Before you can respond, security pings: “New logging pipeline goes live this week. Can we store full request payloads for debugging?” Marketing wants to “just add” a new pixel for a campaign that starts Friday. Procurement forwards a vendor contract with: “They need signatures by end of day. Can you take a fast look at the data terms?” Support asks whether the new CRM integration changes DSR search scope.

If this sounds like your average Tuesday, you may have a Herding Cats issue. These teams not trying to make your life difficult. They’re trying to ship. And you’re trying to keep the program from being paper strong and system weak. This is the part of privacy work you won’t find in IAPP textbooks. There is no privacy domain that tells you how to implement cross-functional relationship management into your privacy program.

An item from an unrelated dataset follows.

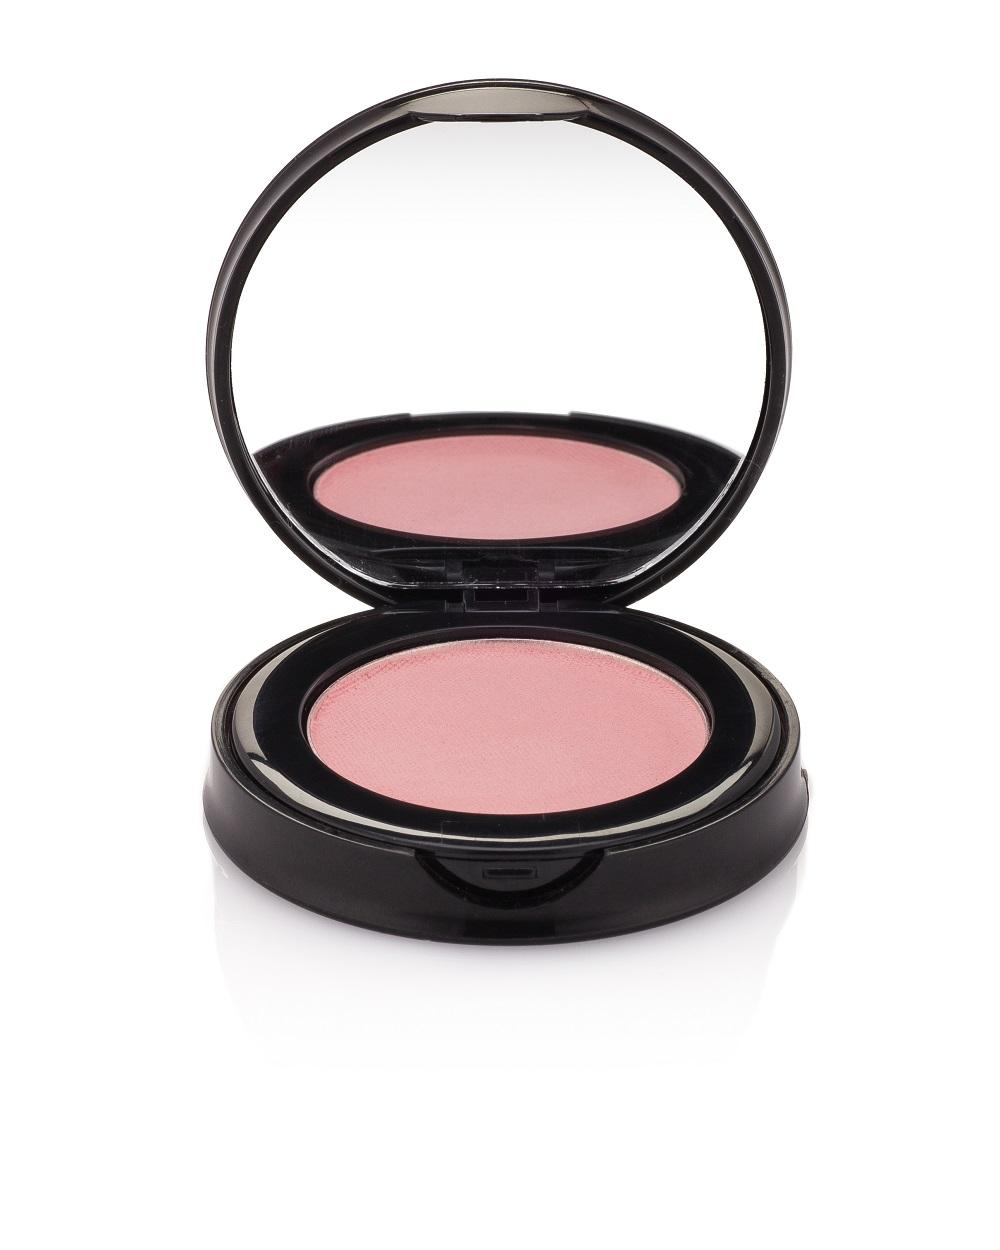 Multi Purpose Pressed Powders for Eyes & Face (Pink Parfait)
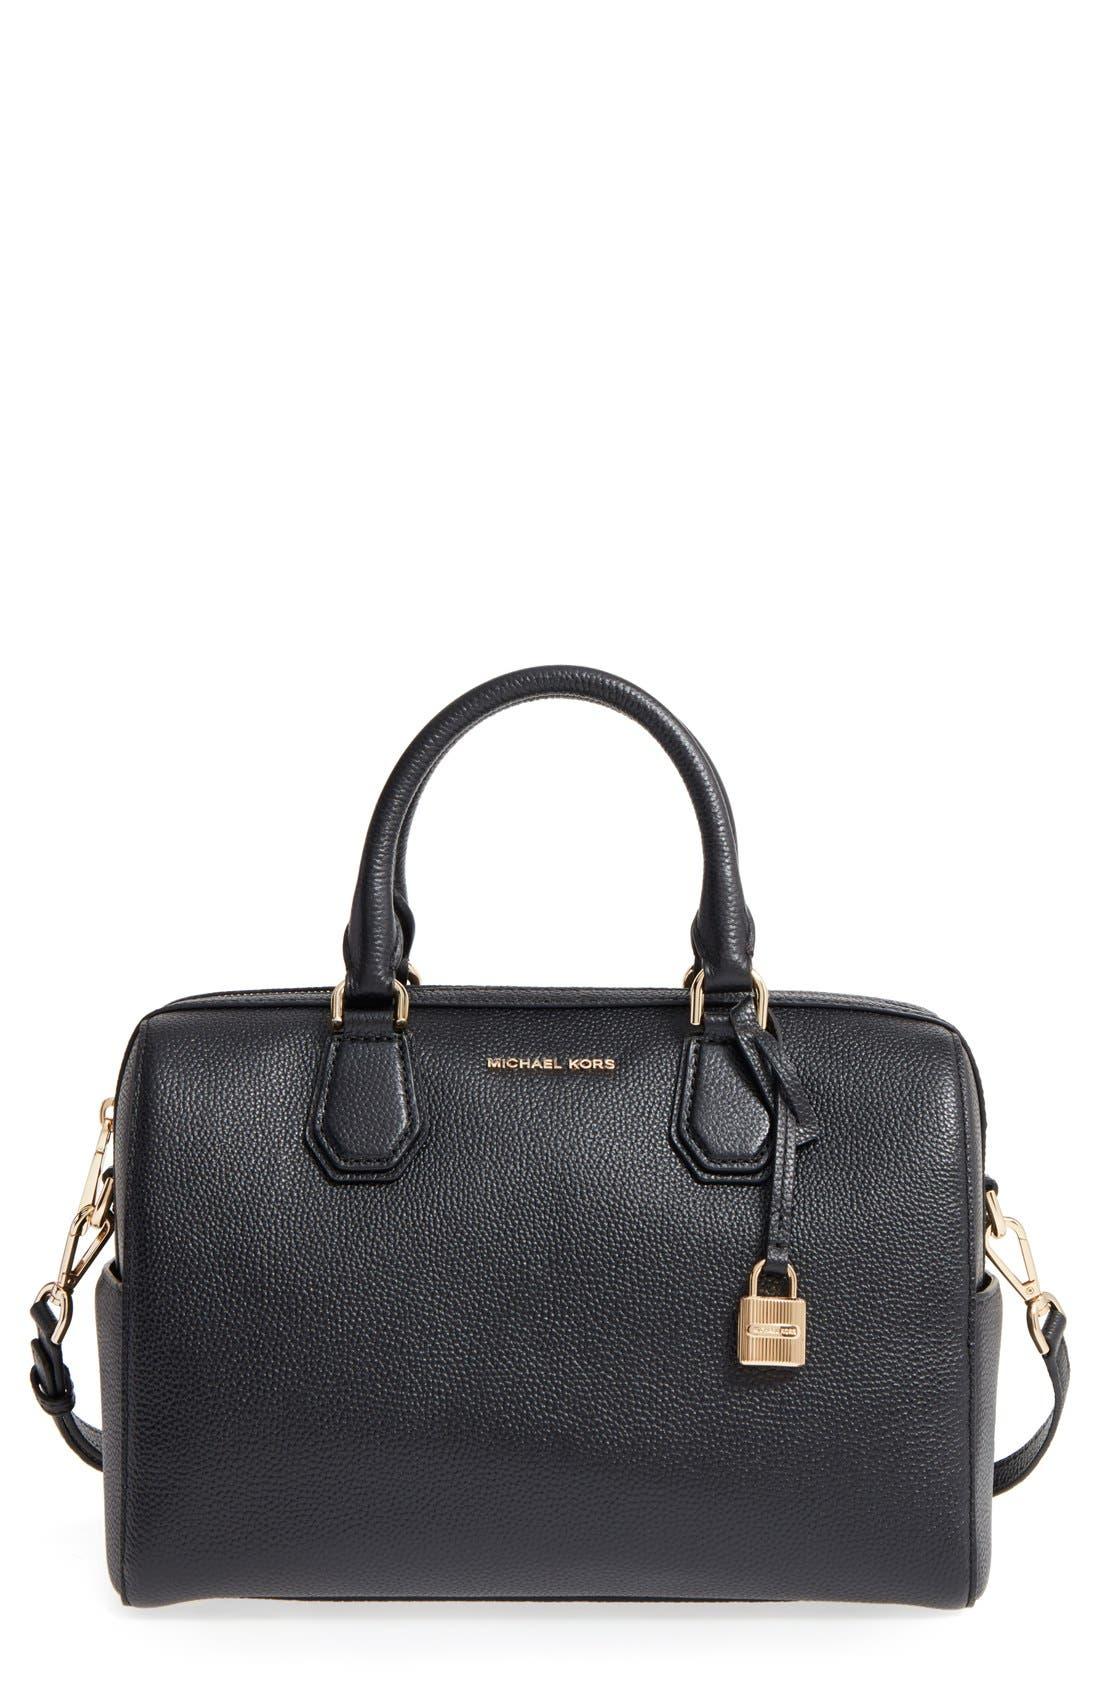 Medium Mercer Duffel Bag,                             Main thumbnail 1, color,                             Black/ Gold

Sure, we all know that cross‑functional collaboration is the daily reality. Privacy decisions are often implemented by other people, in other systems, on other timelines. It’s not glamorous, and it makes you feel like your privacy team is trying to butt into or manage another function’s work in a way that interferes with the rest of their job. Unfortunately for all of us, it’s often the difference between a privacy program that exists in policy and a privacy program that exists in reality.

I call it the Herding Cats Domain.

I don’t say this because your colleagues are “cats” that need to be controlled. They aren’t cats because you own them and need to make sure they are fed and given scratches. I say this because they’re independent. They have overlapping goals, different language and rhythms. You might sometimes feel like your job as the privacy function is to impose your will on them, but it’s not. It’s to make it easy for other functions to do their work in a way that still satisfies privacy requirements and to make sure privacy decisions are informed by technical and operational reality.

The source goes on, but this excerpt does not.